Abstract Writing Guide

What is an abstract?

An abstract is your chance to “sell” your work to a reader, conference, or journal. Think of your abstract as a micro-paper. It’s a short (250-500 word) piece to summarise your project and convey the core findings and why they are valuable.

This guide breaks down the features of a strong abstract to help you get your work out there.

1) Demonstrate a need

What was the point of your work? What problem were you solving? Without a need, why is your work worth listening to? Committing a few lines to outline the problem you were trying to solve is a good way to set the readers expectation and provide some context.

2) How did you investigate it?

What was your method? Did you run an audit? Was this a survey? Was it prospective? Was it retrospective? What did you do to answer the research question you developed in point 1).

3) What did you find?

Did you solve a problem? Have you answered a question? Maybe you’ve repeated results someone else has also shown - tell us what you’ve found early on! Including core results in your abstract makes it far more compelling than implying that you may have some results or trying to lure the reader to read more - they won’t. Give us the facts up front and a sneak peak at your findings.

4) Why did this matter?

Try to provide the reader with some context. Why are your results useful or important? Just listing results can mean their value and meaning can be lost in an abstract - explain them. They don’t have to be totally unique, findings that support or refute other pieces of work can be just as valuable as novel information. Try to explain what change or development could lead on from this work.

Example

This is a totally fictional abstract of no academic value, purely to demonstrate the points above.

Title: The costa effect: does on-site barista coffee improve patient safety?
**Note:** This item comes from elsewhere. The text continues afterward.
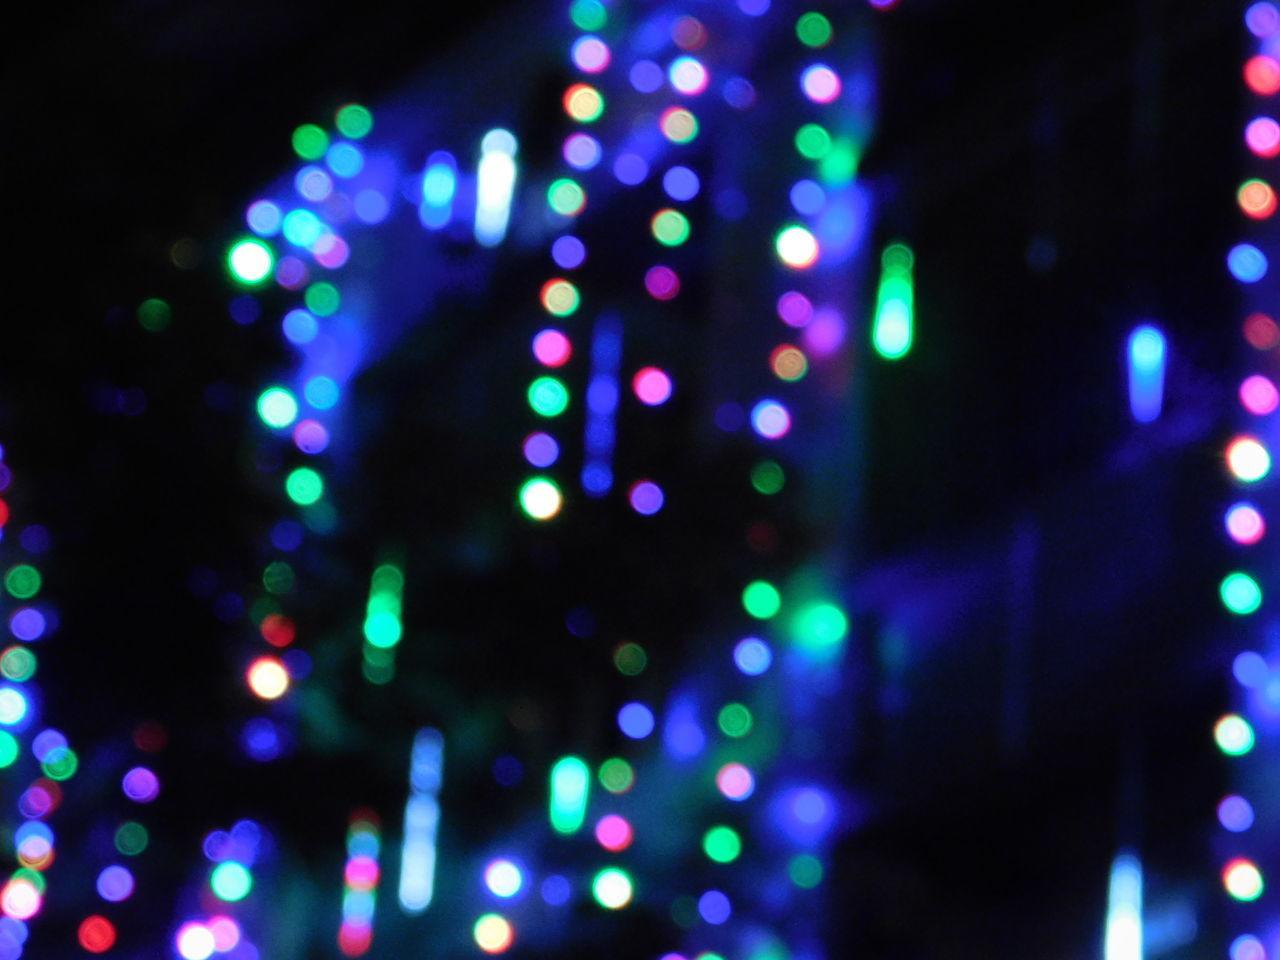 illuminated, defocused, night, lighting equipment, multi colored, glowing, pattern, no people, decoration, light, lens flare, light - natural phenomenon, celebration, electricity, technology, christmas decoration, electric light, christmas lights, christmas, abstract, nightlife

Keywords: patient safety, caffeine, human factors

Authors: R Nero, K Costa, M Starbuck

Introduction/Objectives

Adequate caffeine intake is a core variable in the adequate performance of hospital teams. Despite clear guidance that no patients should be seen prior to clinician coffee administration, cases of poorly caffeinated clinicians are commonplace, and likely to impact patient safety. We seek to evaluate whether clinician caffeination is affected by workplace setting.

Methods

An anonymous survey was sent to all OMFS clinicians working across an imaginary region. Ethical approval was granted by the trust ethics board. Data collected included grade of clinician, hospital type (DGH vs teaching hospital vs primary care), frequency of caffeinated beverage consumption, and data was separately acquired by freedom of information request for number of patient safety incidence per annum. All data was processed using SPSS and statistical tests were performed with a confidence level set at 5% (p<0.05).

Results

The survey was distributed to 300 trainees, 129 responded (43%). Of those who responded, most worked in a Teaching Hospital setting (n=86, 66%) . The mean number of caffeinated beverage consumed per day was 3.05. Those who worked in teaching hospitals were more likely to consume more coffee (OR 1.2 1.1-3.3, p=0.02). The rate of never events at hospitals with a coffee consumption rate <2 cups per day was significantly higher (p=0.001) than in hospitals where clinicians drank >3 cups.

Conclusion

Clinicians working in teaching hospitals on average consumed more coffee than their counterparts in district hospitals. This may reflect an increased availability of coffee in these units. Patient safety may be compromised in decaffeinated units, as demonstrated by a significantly higher rate of “never event”. Further work should evaluate the effect of quality coffee availability on the incidence of patient safety incidents and clinician satisfaction.